Problem details » All of the lines below are to be transcribed faithfully, with pictures excluded from the copy.

Data shown »
☆ ☆ ☆ ☆
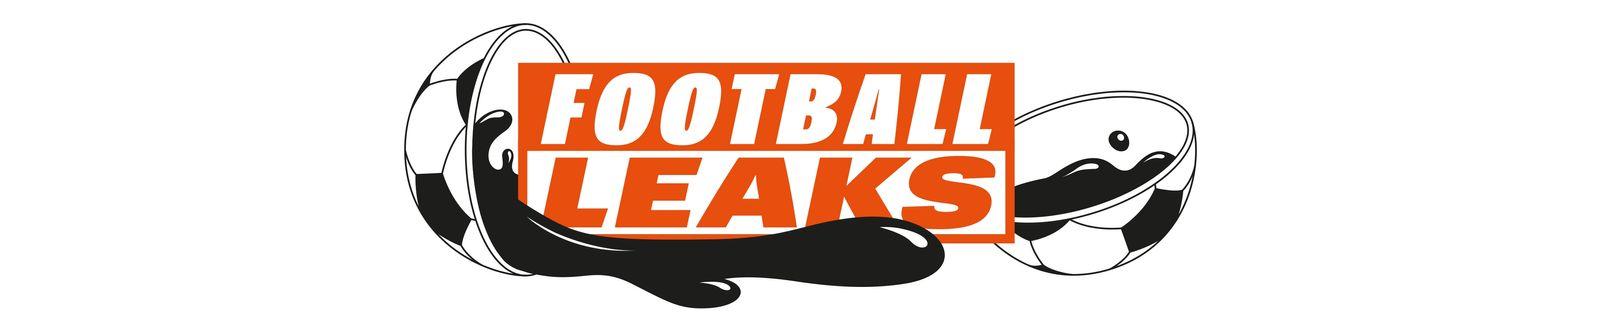 Football Leaks 30.10.2018 Von Elsa freigegeben
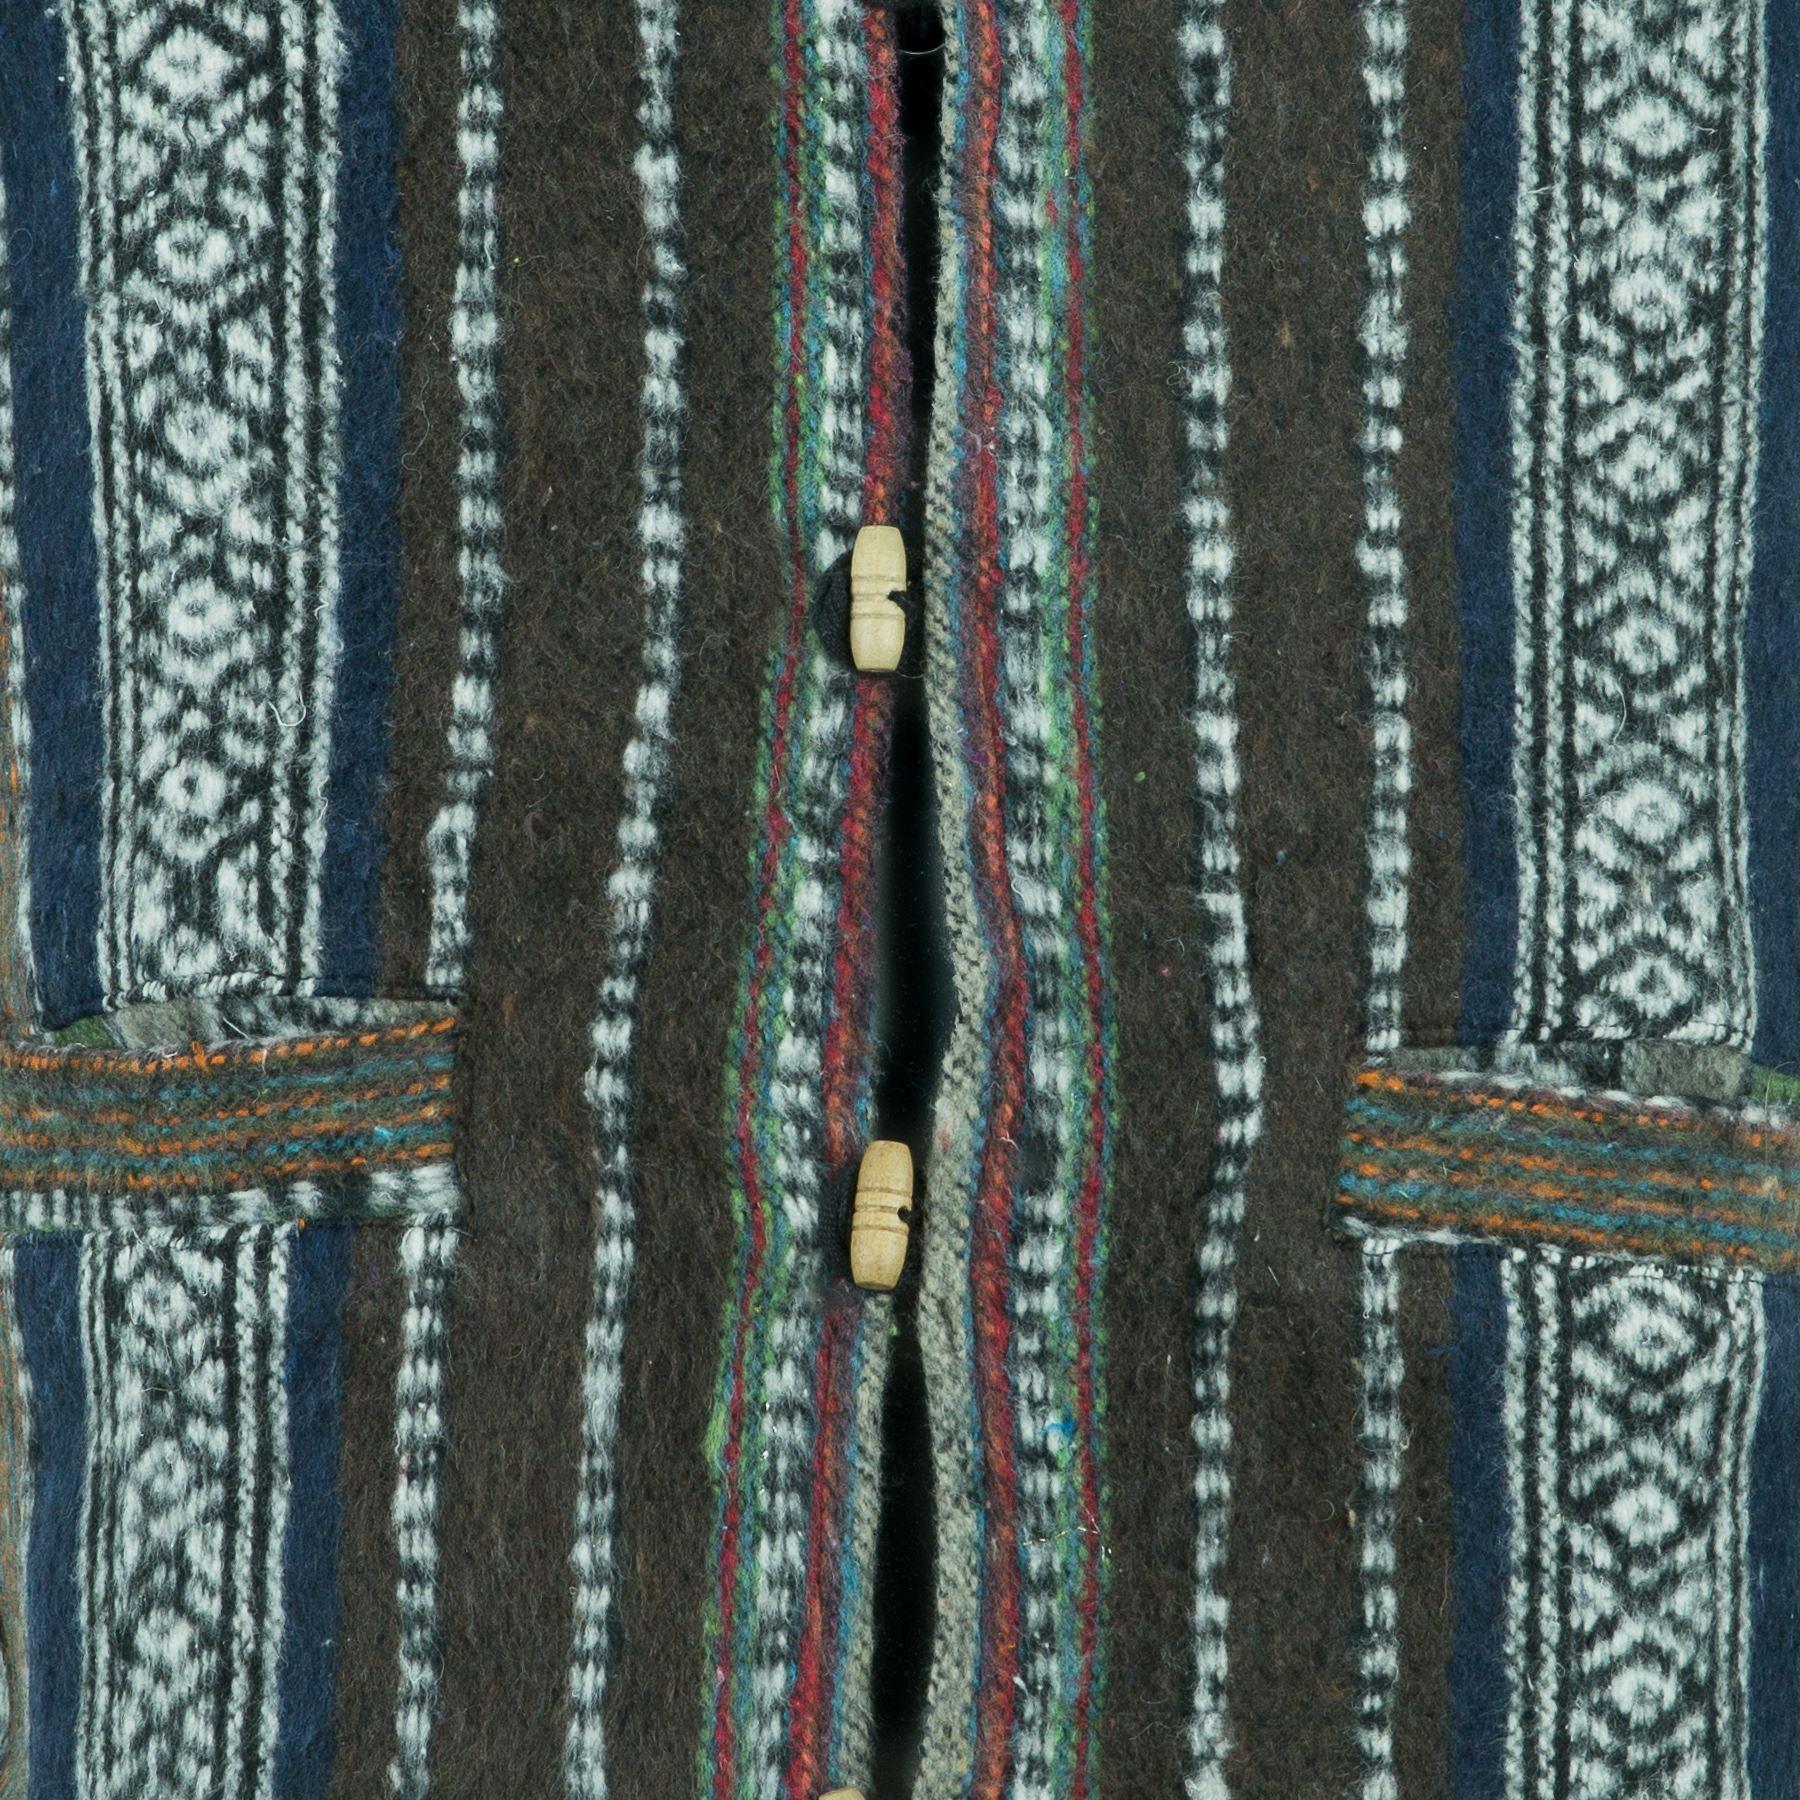 Chaleco-Algodon-Hombre-Perchado-Hippie-Boho-Traje-para-Hombre-Mujer miniatura 10
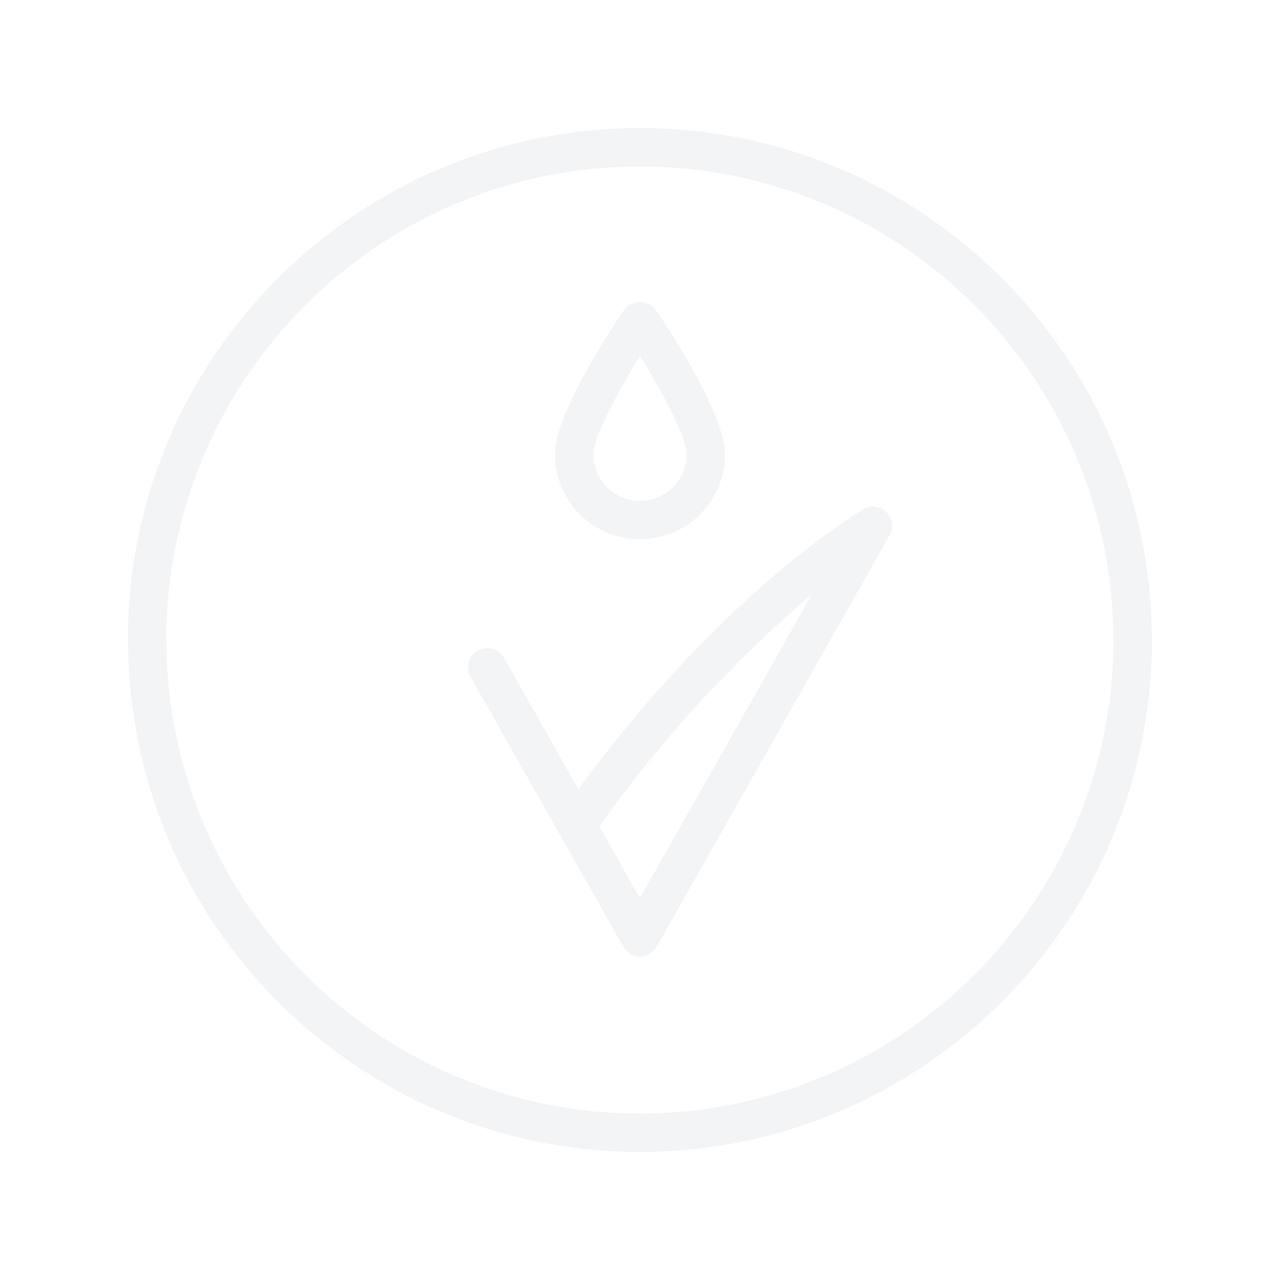 Calvin Klein Eternity Men EDT 50ml
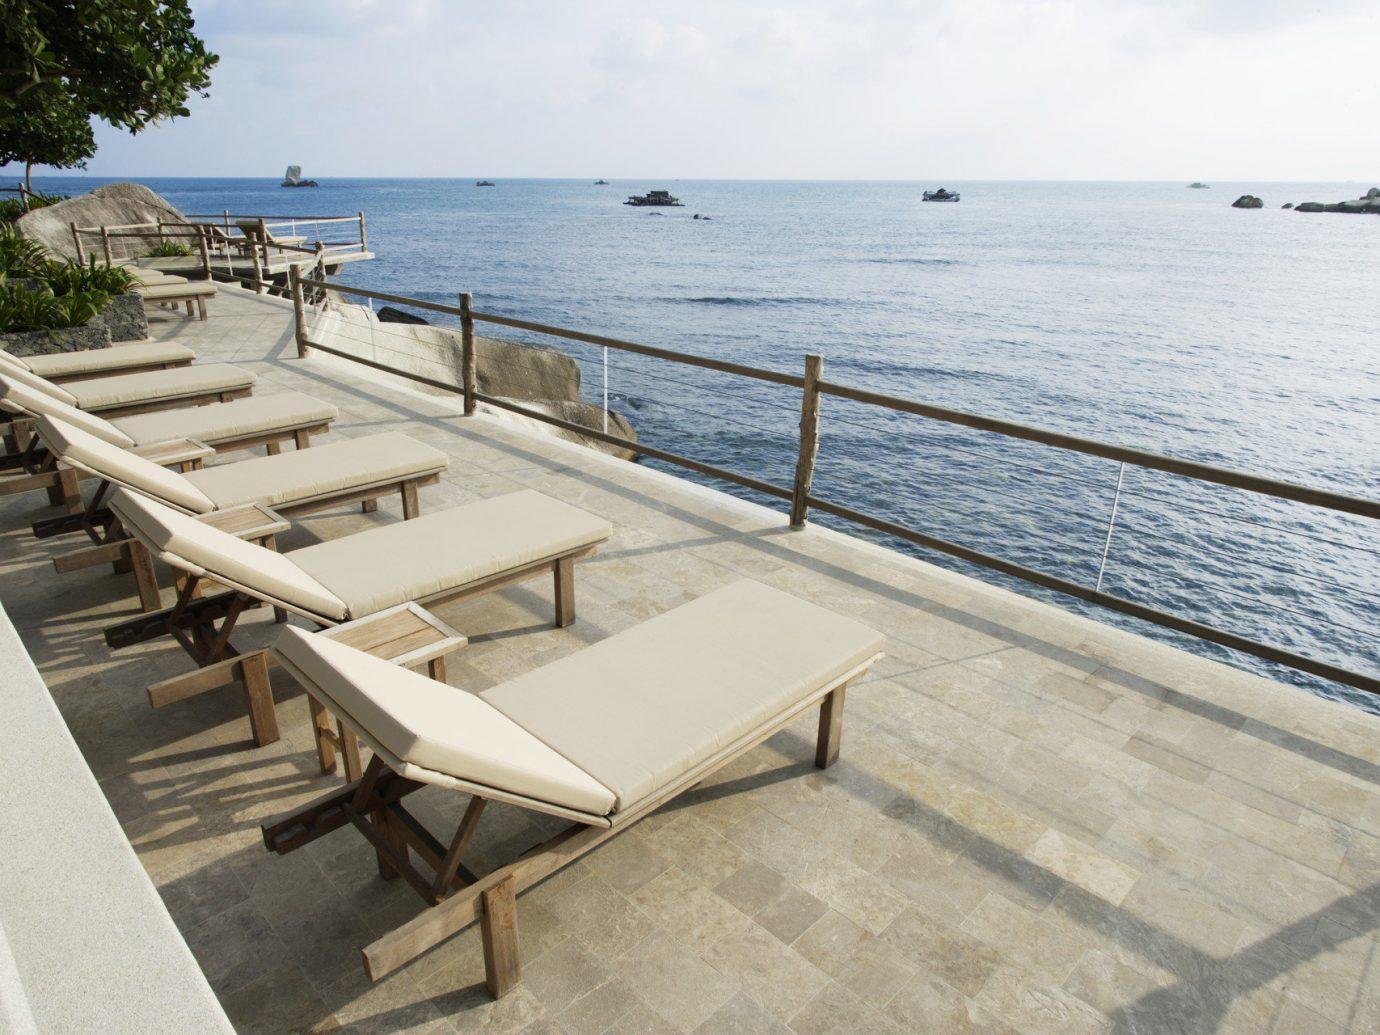 Hotels Luxury Travel sky outdoor water walkway dock Beach Sea shore vacation park Coast Ocean wood boardwalk furniture Resort marina overlooking Deck lined
☆ ☆ ☆ ☆
Response area »
 Football Leaks 30.10.2018 Von Elsa freigegeben
 Chaleco-Algodon-Hombre-Perchado-Hippie-Boho-Traje-para-Hombre-Mujer miniatura 10
 Calvin Klein Eternity Men EDT 50ml
 Hotels Luxury Travel sky outdoor water walkway dock Beach Sea shore vacation park Coast Ocean wood boardwalk furniture Resort marina overlooking Deck lined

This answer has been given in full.